Argentina has built up its military presence in the Falklands’ waters and warned Britain and the Falklands administration it will not abandon its claim of sovereignty over the islands.
Britain and Argentina went to war over the islands in 1982, with the loss of about 900 lives. British troops prevailed over an Argentine invasion force but Buenos Aires never abandoned its claim over the islands.
The Argentine campaign for return of the Falklands to Argentina gained momentum last year after a British oil prospecting firm unveiled plans for extensive drilling of the basin.
Backed by the British and Falklands governments, Desire Petrolum and Falklands Oil and Gas announced they would go ahead with plans to exploit the Falklands’ hydrocarbon resources, believed to be the world’s largest after Saudi Arabia’s reserves.
British media speculated the renewed row over the Falklands’ ownership could be a precursor to a new military conflict. Argentina has been canvassing for international sympathy and last week won Latin American support at the Cancun summit of Central and South American leaders. Buenos Aires has also canvassed for U.N. intervention in a bid to halt oil prospecting.

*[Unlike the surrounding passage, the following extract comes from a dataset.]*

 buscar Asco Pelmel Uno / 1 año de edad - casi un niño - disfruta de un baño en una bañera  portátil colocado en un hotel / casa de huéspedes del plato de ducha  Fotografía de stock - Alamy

Analysts said Argentina has been shopping for weapons and set about regenerating its armed forces. Before the row over the oil drilling reignited the Falklands crisis the Argentine military had been lobbying for funding to revamp their arms inventories but failed to get government funds amid an economic slowdown.

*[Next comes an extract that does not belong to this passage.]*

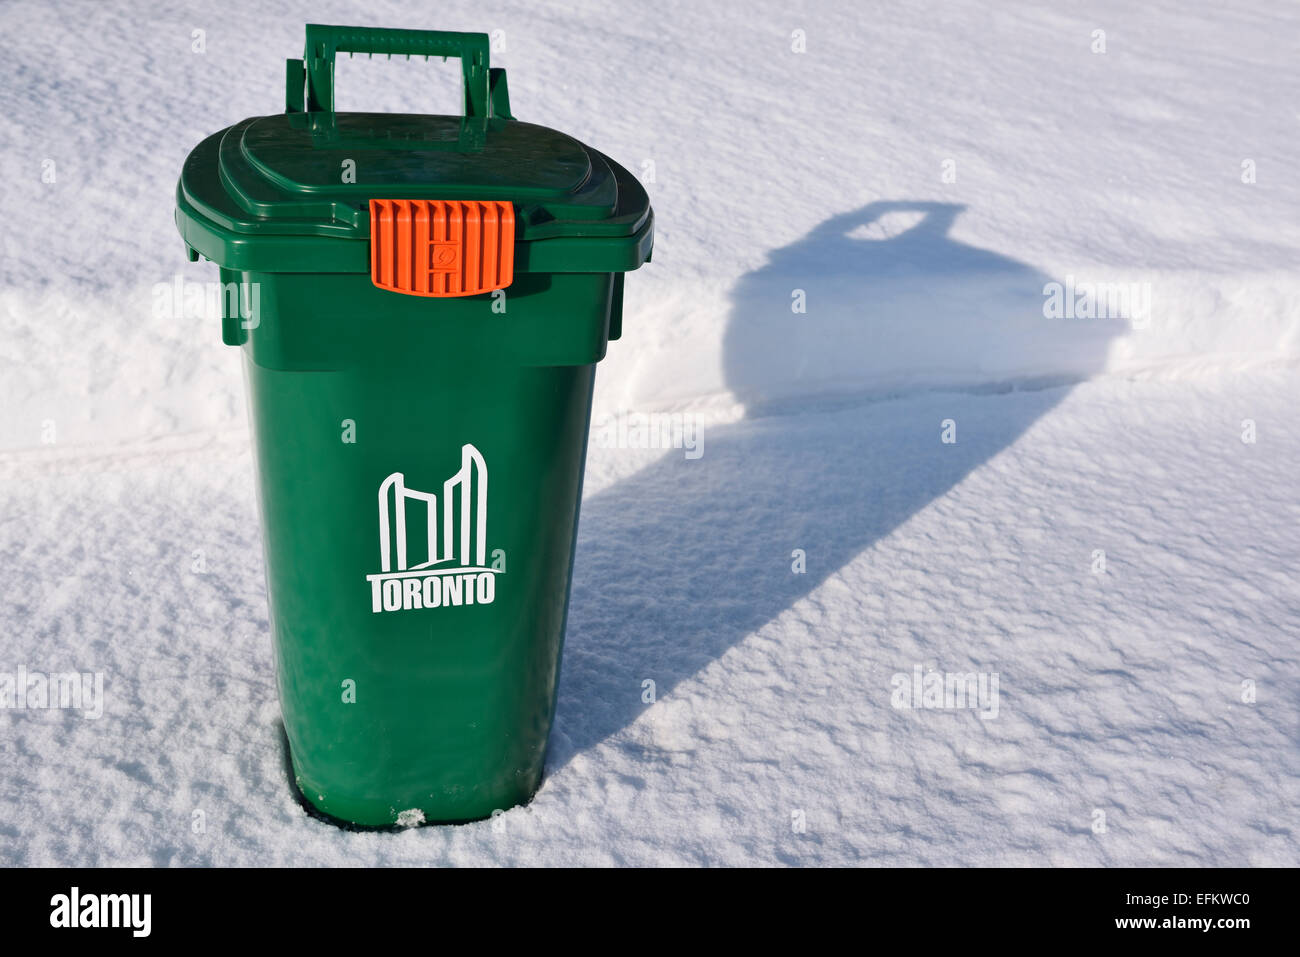 Nuovo toronto green bin riciclaggio sulla neve fresca marciapiede coperto in inverno Foto Stock

The continuing turmoil over the farm strikes and the government’s quarrel with the Central Bank put the military’s demands for funds on the back burner — until the Falklands row took on the center stage again.
Argentina’s threat of sanctions against shipping and oil firms that trade with the Falklands has raised the temperatures in the South Atlantic politics, renewing questions about Argentina’s next moves when the drilling for oil gains momentum in the spring.
BHP Billion holds 14 exploration and production licenses with Falkland Oil and Gas and has announced plans to begin drilling within the next four months. Analysts said the drilling operations could be a major test for Argentine President Cristina Fernandez de Kirchner.
U.S. Secretary of State Hillary Clinton, due to visit Argentina this week, will face demands from Fernandez to try and dissuade Britain from going ahead with the oil drilling, Argentine media reported.
Fernandez has been openly critical of the Obama administration but analysts said the criticism was designed to extract a more sympathetic U.S. approach over the Falklands dispute.
U.S. officials have said the Obama administration will remain neutral on the Falklands and will not be drawn into the dispute.
However, last month’s Cancun summit of Central and South American leaders declared sympathy with Argentina and also delivered a diplomatic rebuff to Washington by excluding Canada and the United States from a planned new political bloc. The new strategic group was set up as an answer to the Organization of American States, which has its headquarters in Washington.